> _WORK INSTRUCTIONS_: All lines from the one containing "Bill seeks funding" through the end of the material are to be given back exactly, without pictures.

*** PROVIDED MATERIAL Section Begins ***

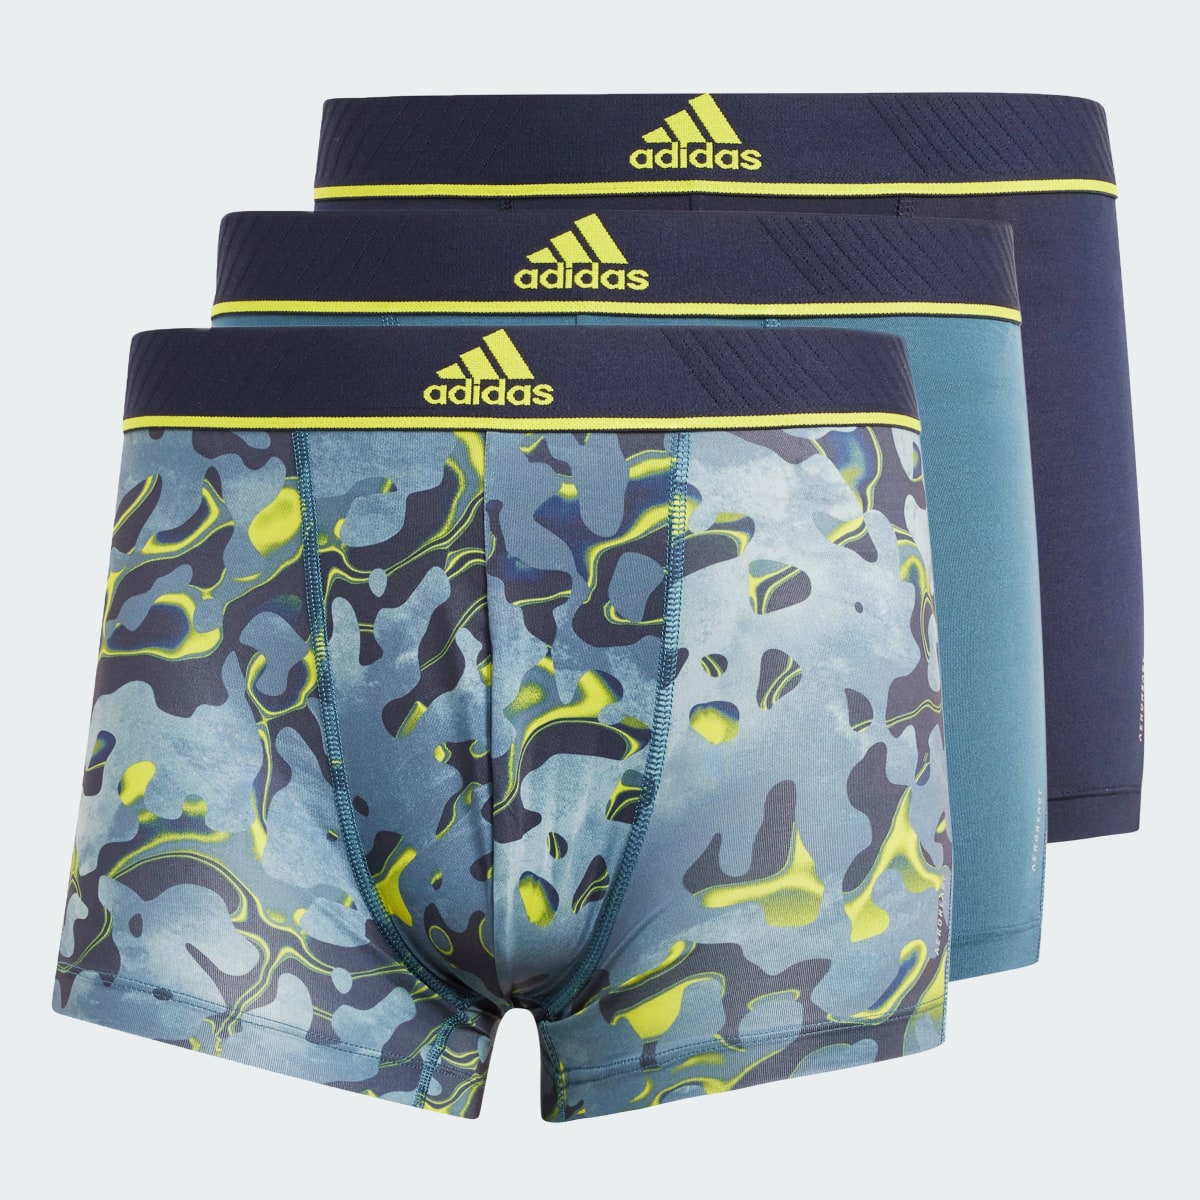 Adidas Active Micro Flex Eco Trunk Underwear 3 Pack. 7
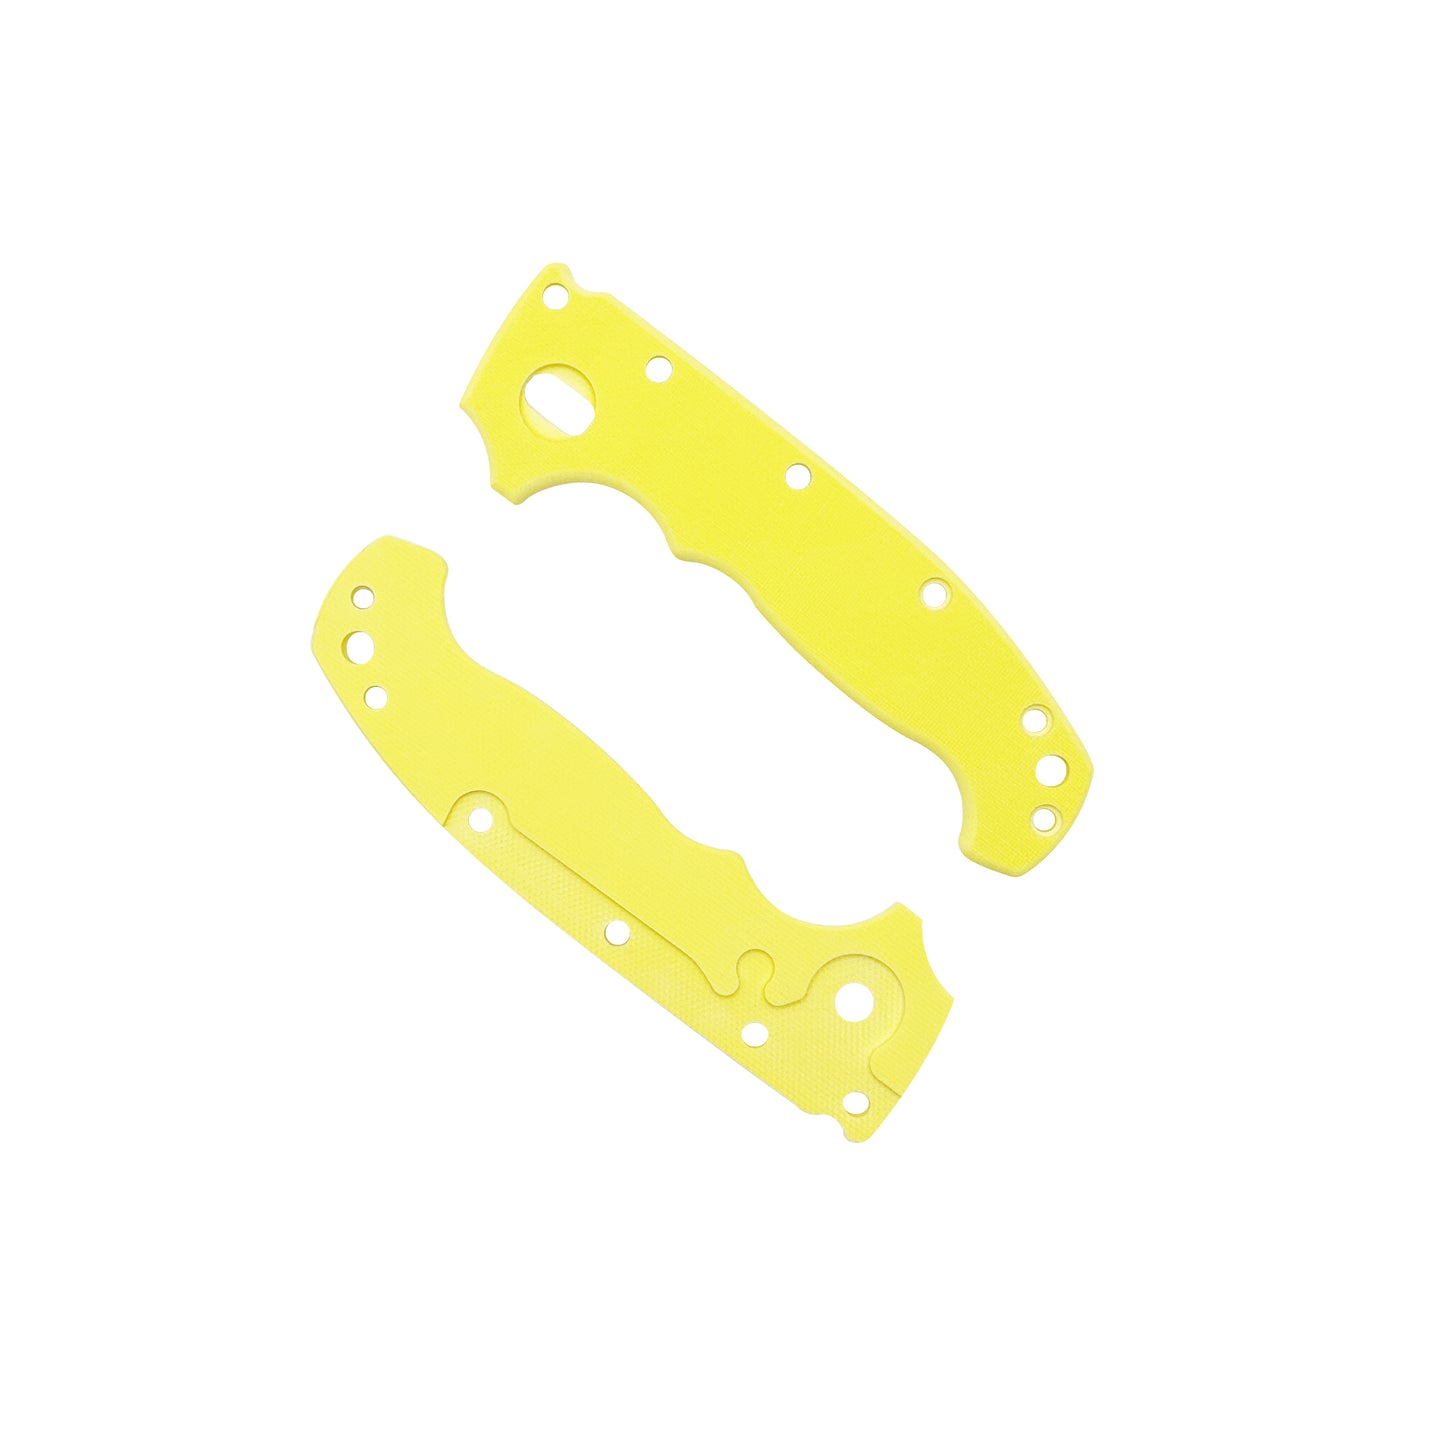 MGAD20/S Peel Ply G10 Scales - Yellow
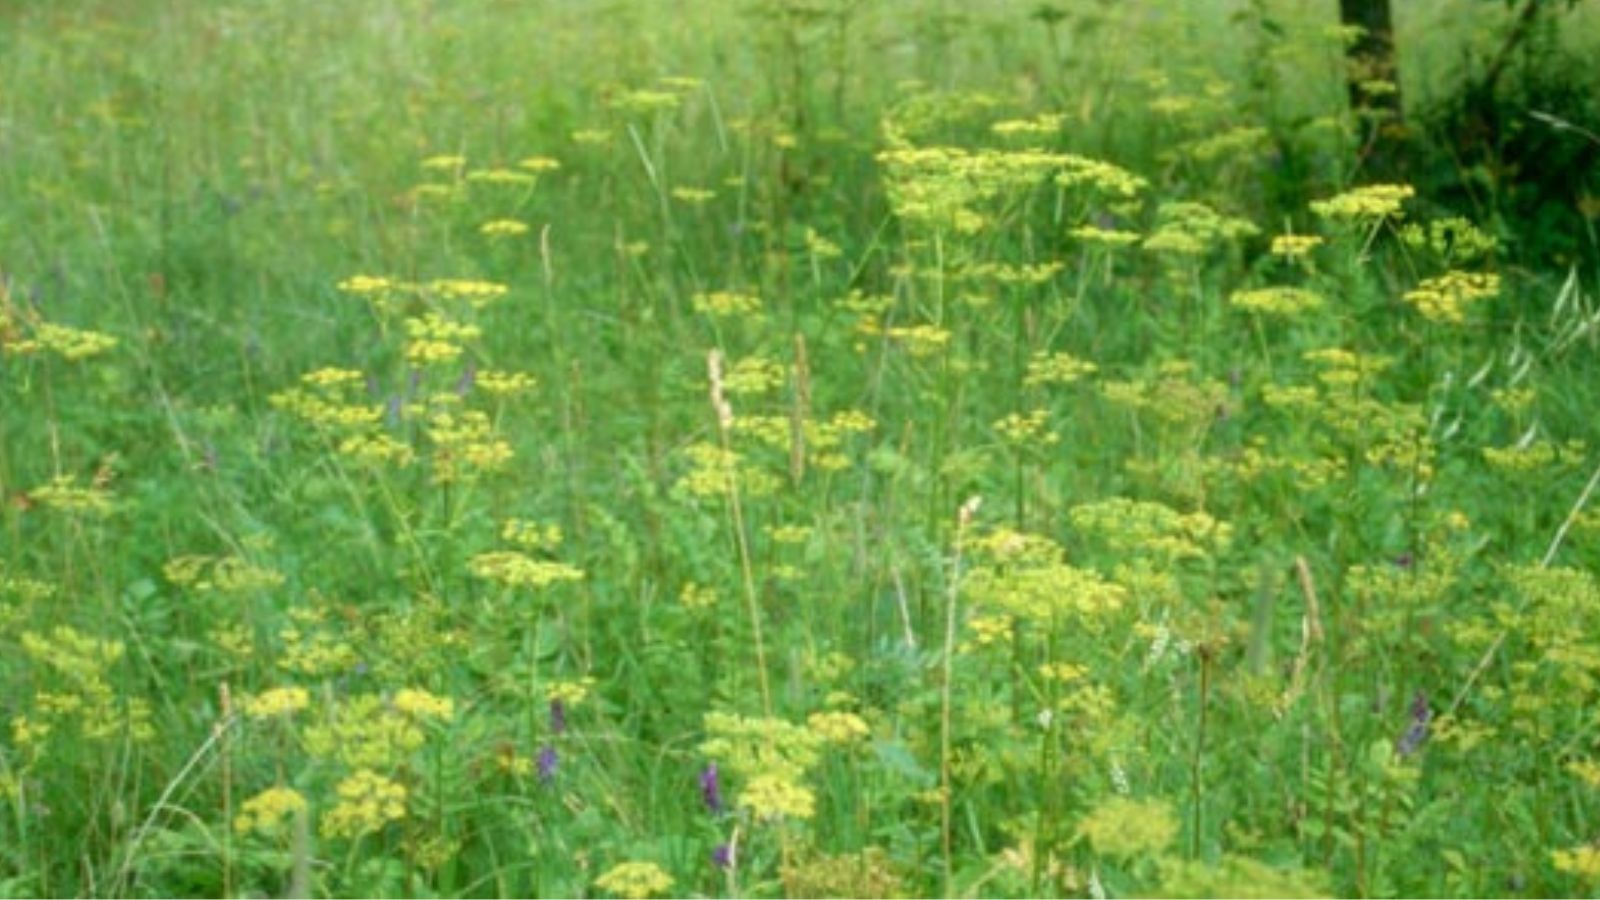 Bill seeks funding to mitigate spread of wild parsnip, other invasive species in Wisconsin
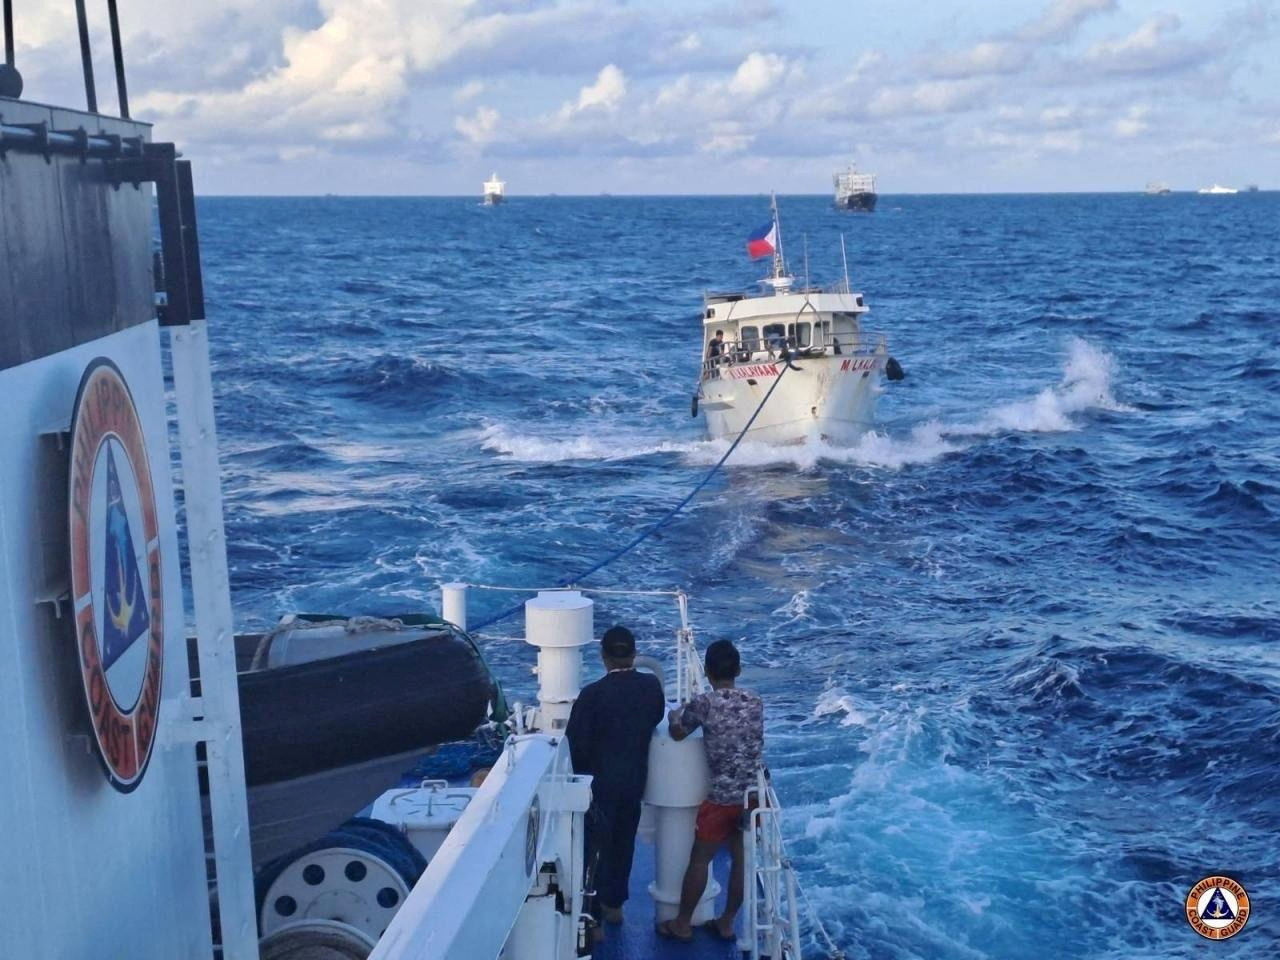 Manila summons China ambassador after sea incident

*** PROVIDED MATERIAL Section Ends ***

> _RESULT_:
 Bill seeks funding to mitigate spread of wild parsnip, other invasive species in Wisconsin
 Manila summons China ambassador after sea incident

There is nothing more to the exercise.